## TASK INSTRUCTIONS
Starting at the line that contains "The Central Bank" and stopping after the line that contains "Trường THPT Yên", transcribe the listing below exactly; do not include any pictures.

## EXTRACTED RECORDS
○ ○ ○ ○ ○

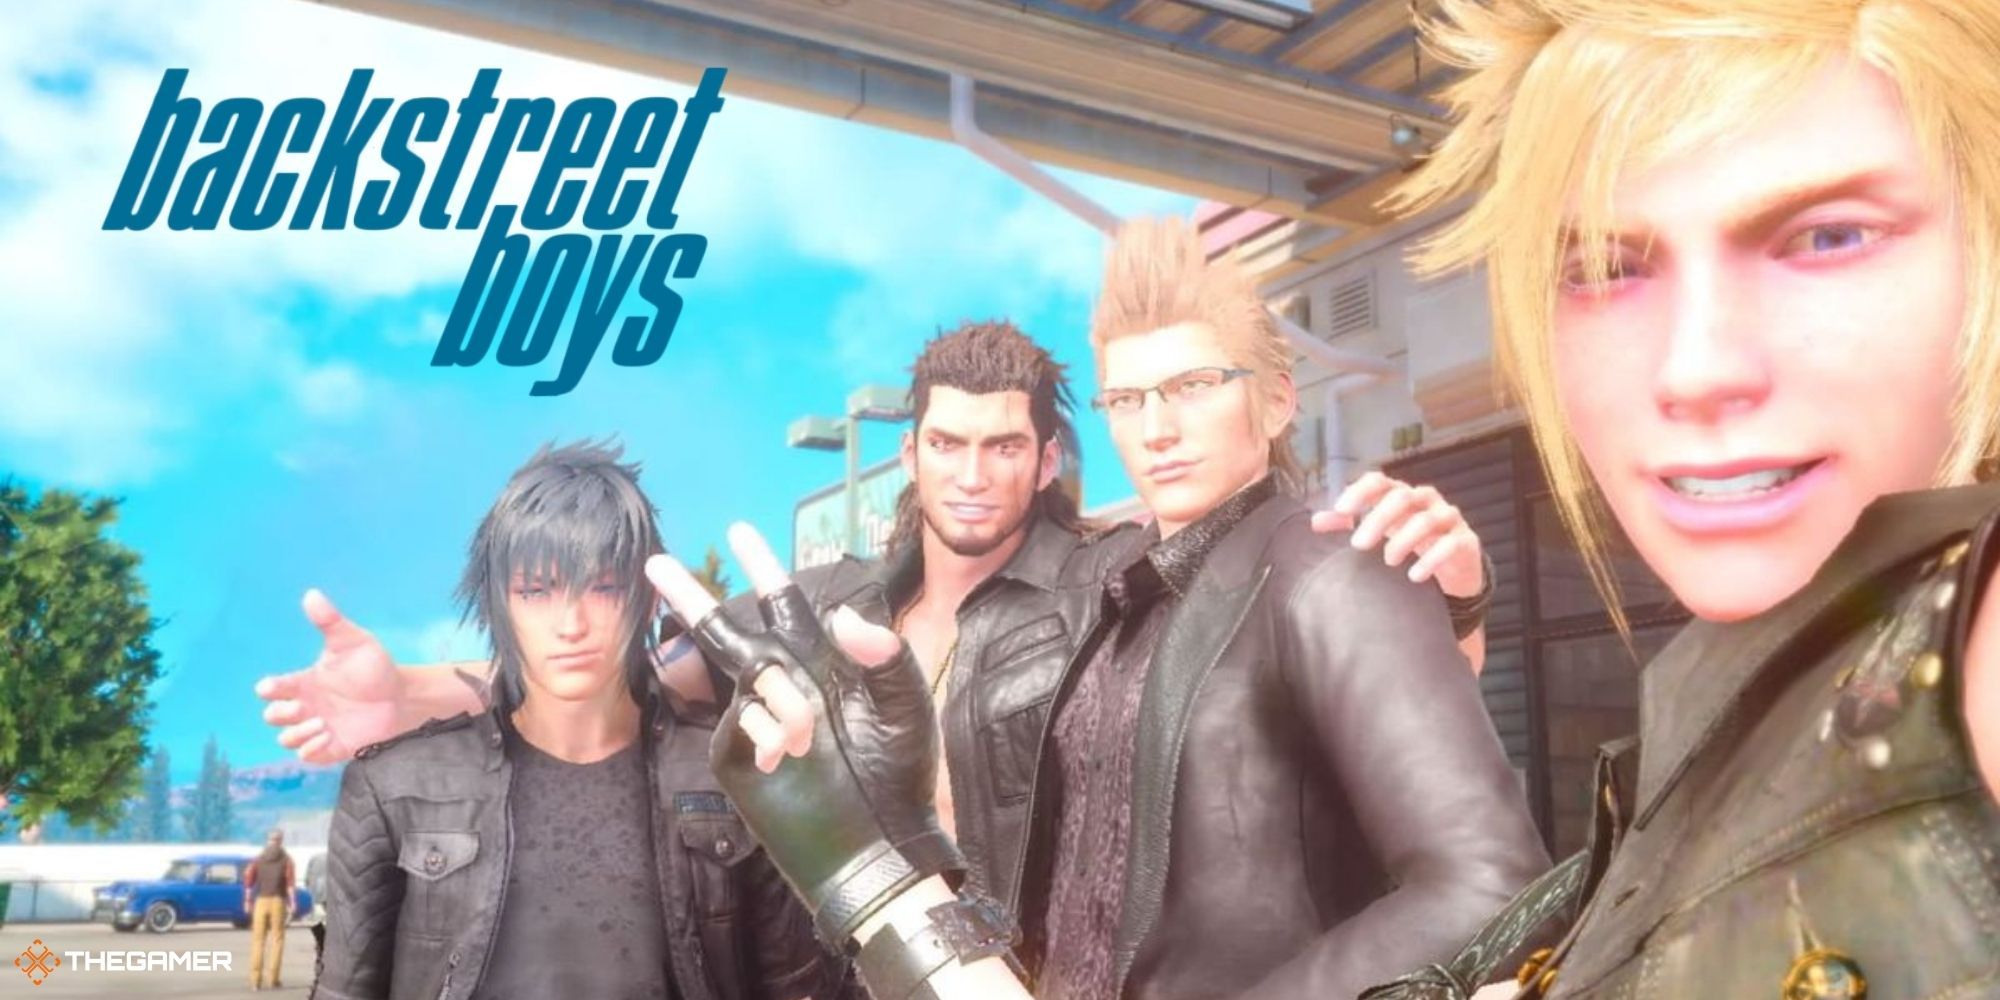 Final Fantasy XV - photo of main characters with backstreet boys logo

○ ○ ○ ○ ○

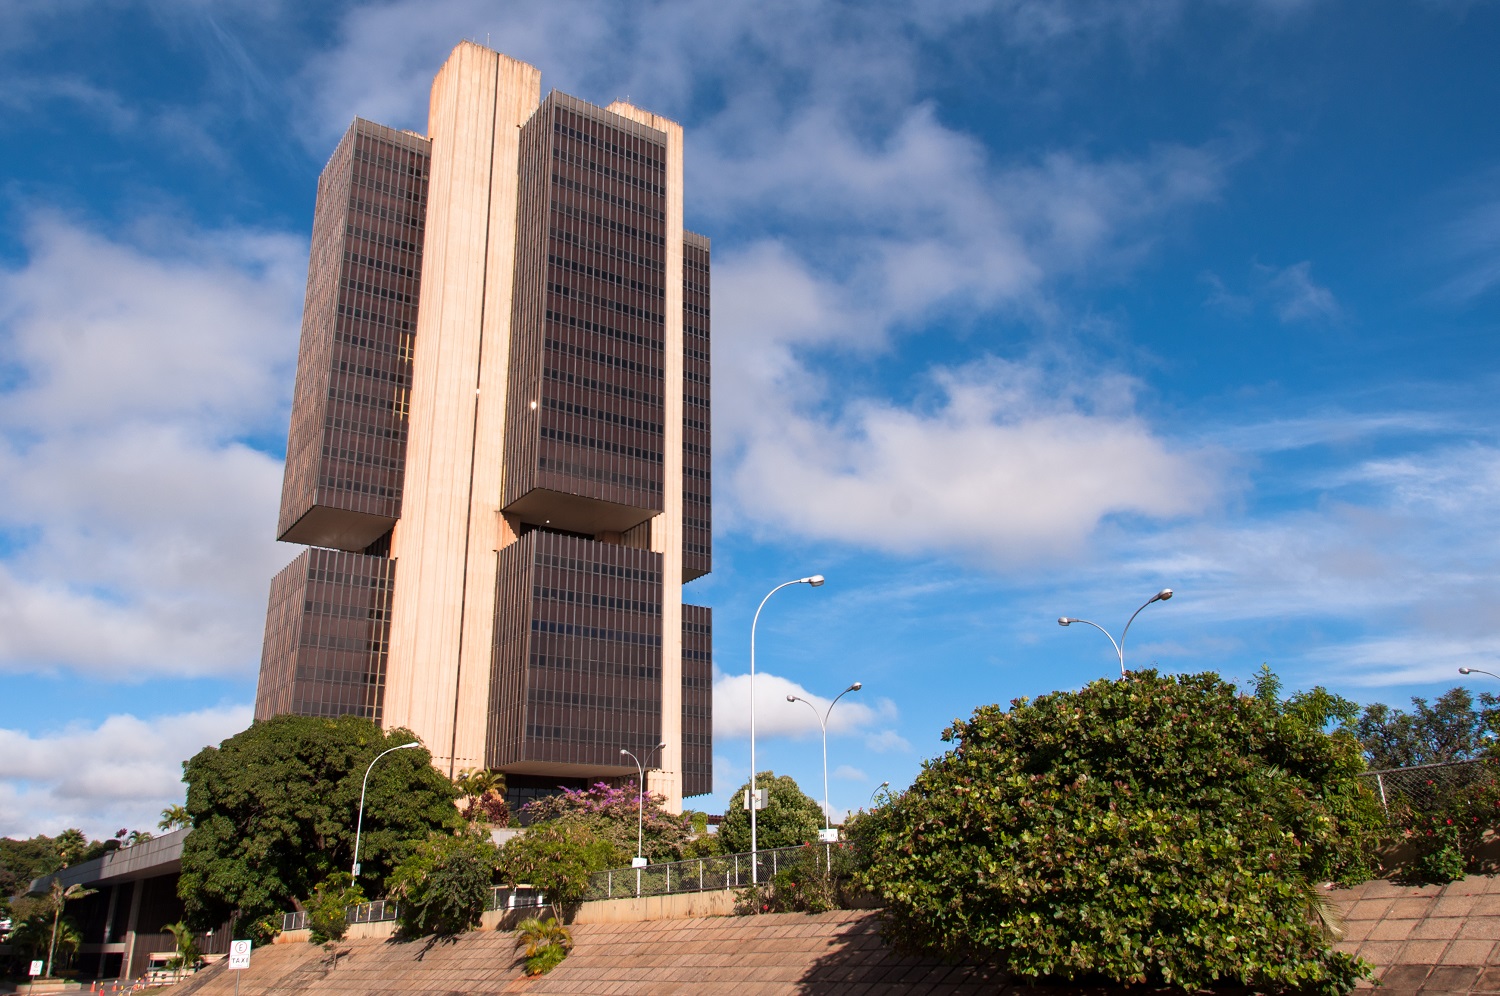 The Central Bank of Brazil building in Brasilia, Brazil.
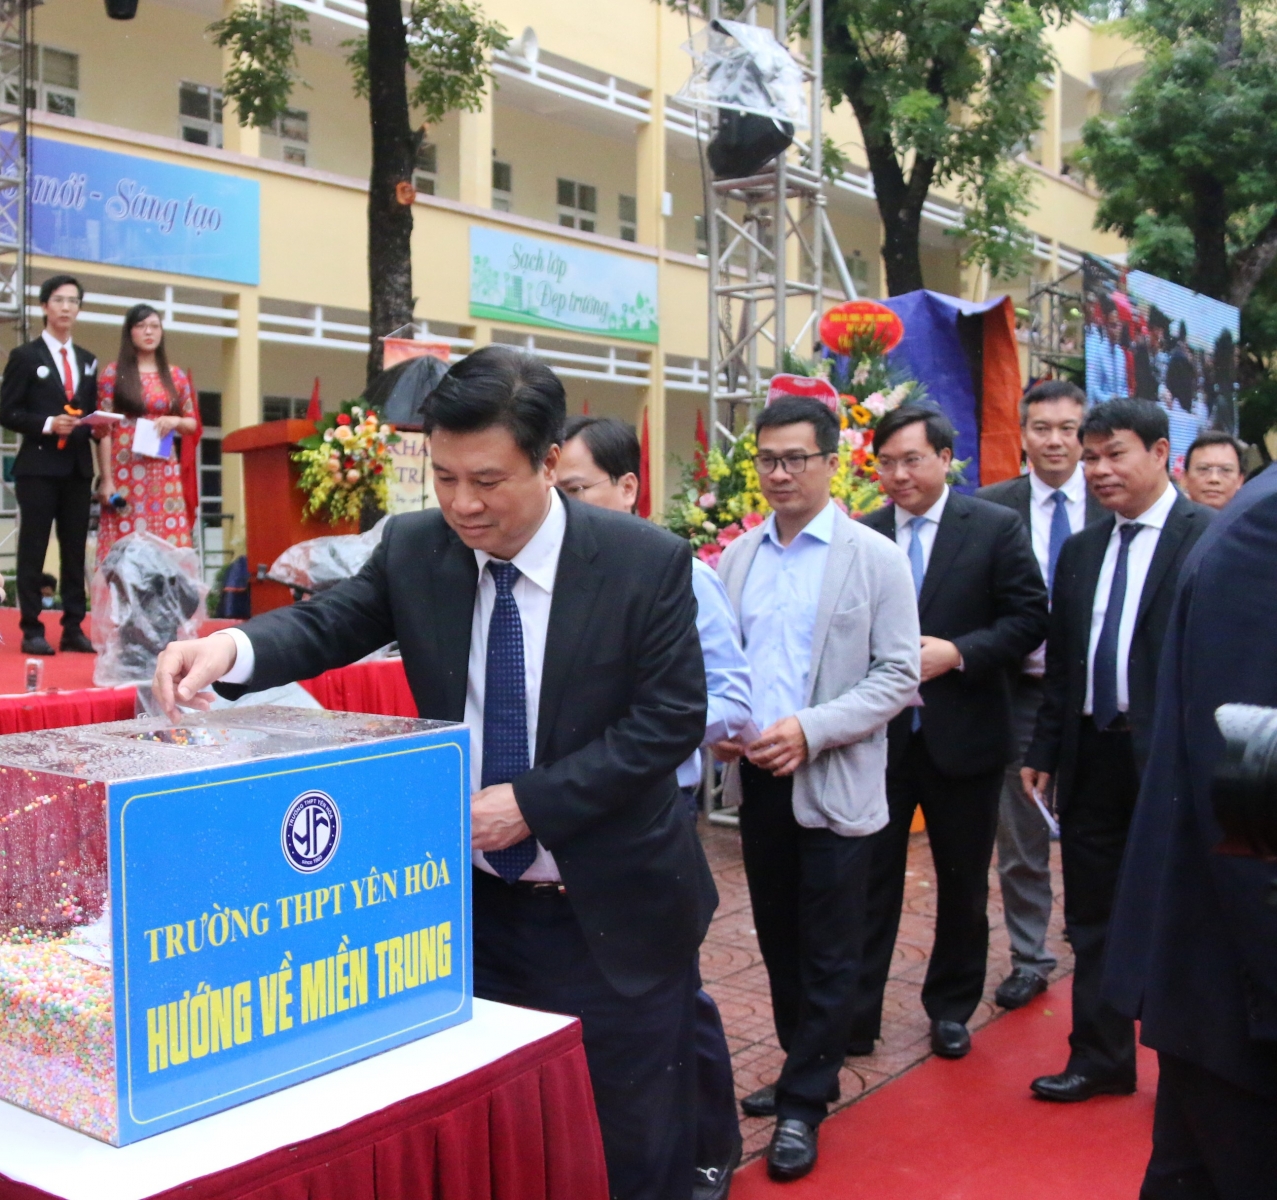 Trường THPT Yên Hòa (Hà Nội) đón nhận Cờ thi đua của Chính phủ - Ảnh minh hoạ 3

○ ○ ○ ○ ○

## YOUR SOLUTION
 The Central Bank of Brazil building in Brasilia, Brazil.
 Trường THPT Yên Hòa (Hà Nội) đón nhận Cờ thi đua của Chính phủ - Ảnh minh hoạ 3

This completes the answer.